If the economy (and the mechanism) were a one-shot game that might be accurate. As soon as everything has a “Buy-it-Now” price, it’s reasonable to think that the rich are the ones that will do all the buying.
But Harberger taxes are designed for a dynamic economy (i.e. the real world). A wealthy investor can purchase lots of Harberger assets at the price the previous owner set, but to maintain control of those assets they must continue to be the highest tax/fee payer. If the asset isn’t put to its most productive use under their control, they’ll bleed cash and/or eventually lose out to an upstart bidder.
This isn’t a situation where losing money initially through aggressive market tactics gains an unassailable competitive position or monopoly. That’s actually closer to the status quo with traditional private property.

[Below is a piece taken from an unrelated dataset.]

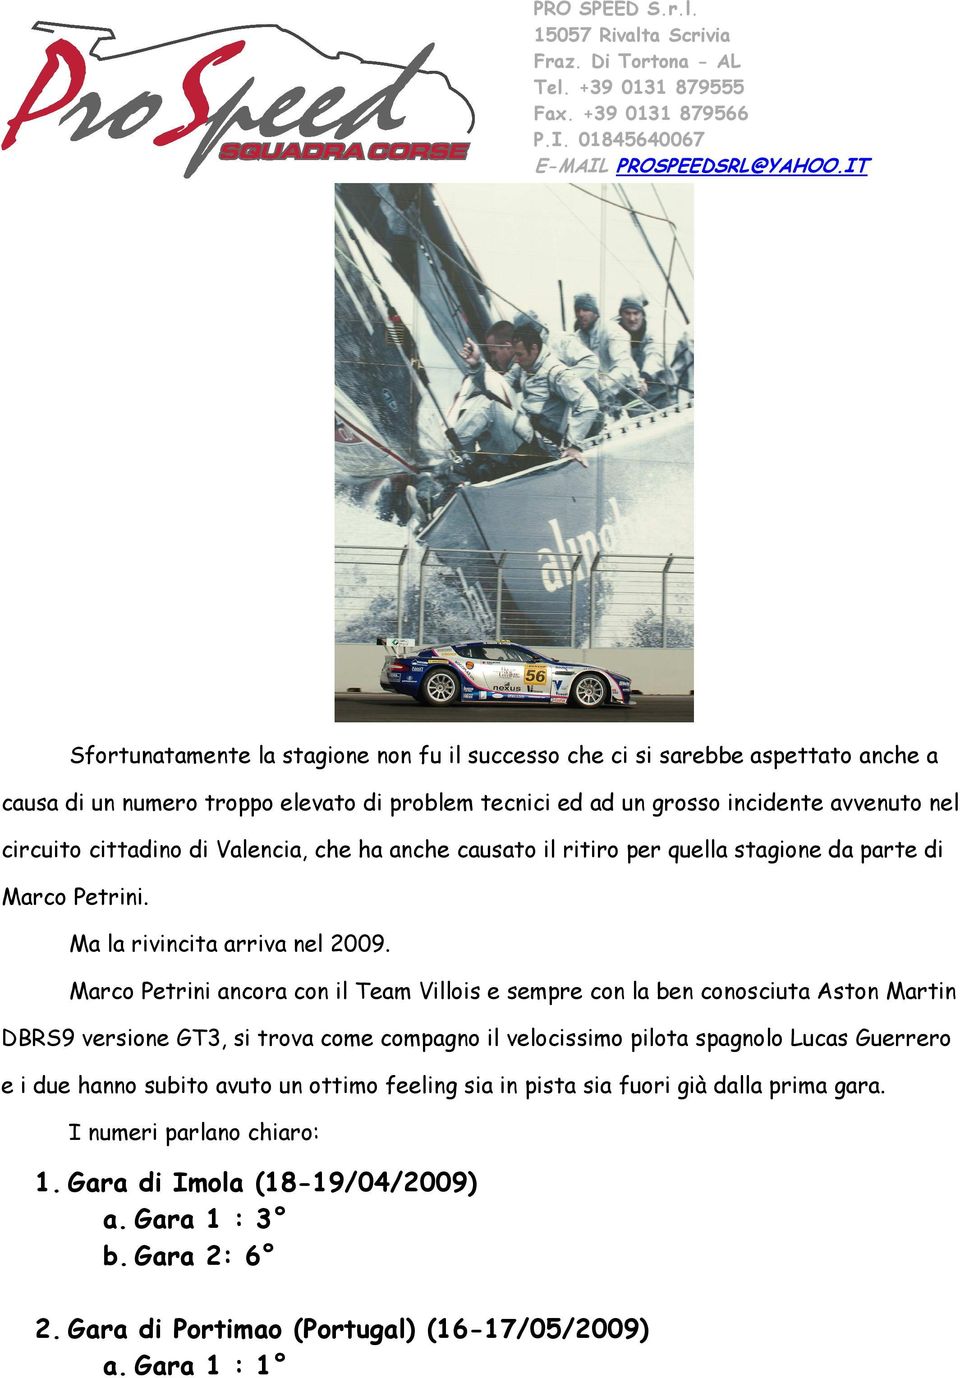 Marco Petrini ancora con il Team Villois e sempre con la ben conosciuta Aston Martin DBRS9 versione GT3, si trova come compagno il velocissimo pilota spagnolo Lucas Guerrero e i due

If a wealthy person buys up a bunch of private property, they might have a tougher time negotiating the individual purchases up front, but there’s always a motivated seller somewhere. Once the private transactions are complete, wealth can be perpetuated for generations. Capital begets more capital, even when idle, because there’s no economic check on private property rights.
Owners are constantly under the threat of a rug pull in a Harberger tax system
Harberger taxes undoubtedly require some getting used to. Nothing in the universe is permanent. Harberger taxes bring that attribute to ownership.
The logical answer to this critique is that owners should assess their assets at a price they’d be happy to sell at. Sometimes that’s “not possible” and/or there’s an emotional attachment. We’d all be better off mentally if we weren’t so emotionally attached to accumulating things, but lower tax rates and other strategies can be used to lower the rug pull threat.
Detractors think of Harberger tax transfers as unannounced and instantaneous. This can be value destructive, not just emotionally. But, the base rules of a Harberger tax system can be implemented with periodic auctions to support long-term investments, mandated transition periods, and even owner-forgiving modifications that soften the edges of the mechanism, but maintain its core features.
Harberger taxes are evil because taxes are evil
Harberger taxes don’t have to be taxes. The mechanism works in many contexts where a coercive government isn’t making the decree.
The Geo Web is one example. That’s why we use the partial common ownership terminology.
Artist royalties, decentralized network assets, and other bottom-up community creations don’t require taxes but might benefit from the Harberger-style mechanism to manage scarcity and better reward value creation. These things aren’t evil or coercive and can fly under the banner of SALSA (Self-Assessed Licenses Sold at Auction), plural ownership, depreciating licenses, etc.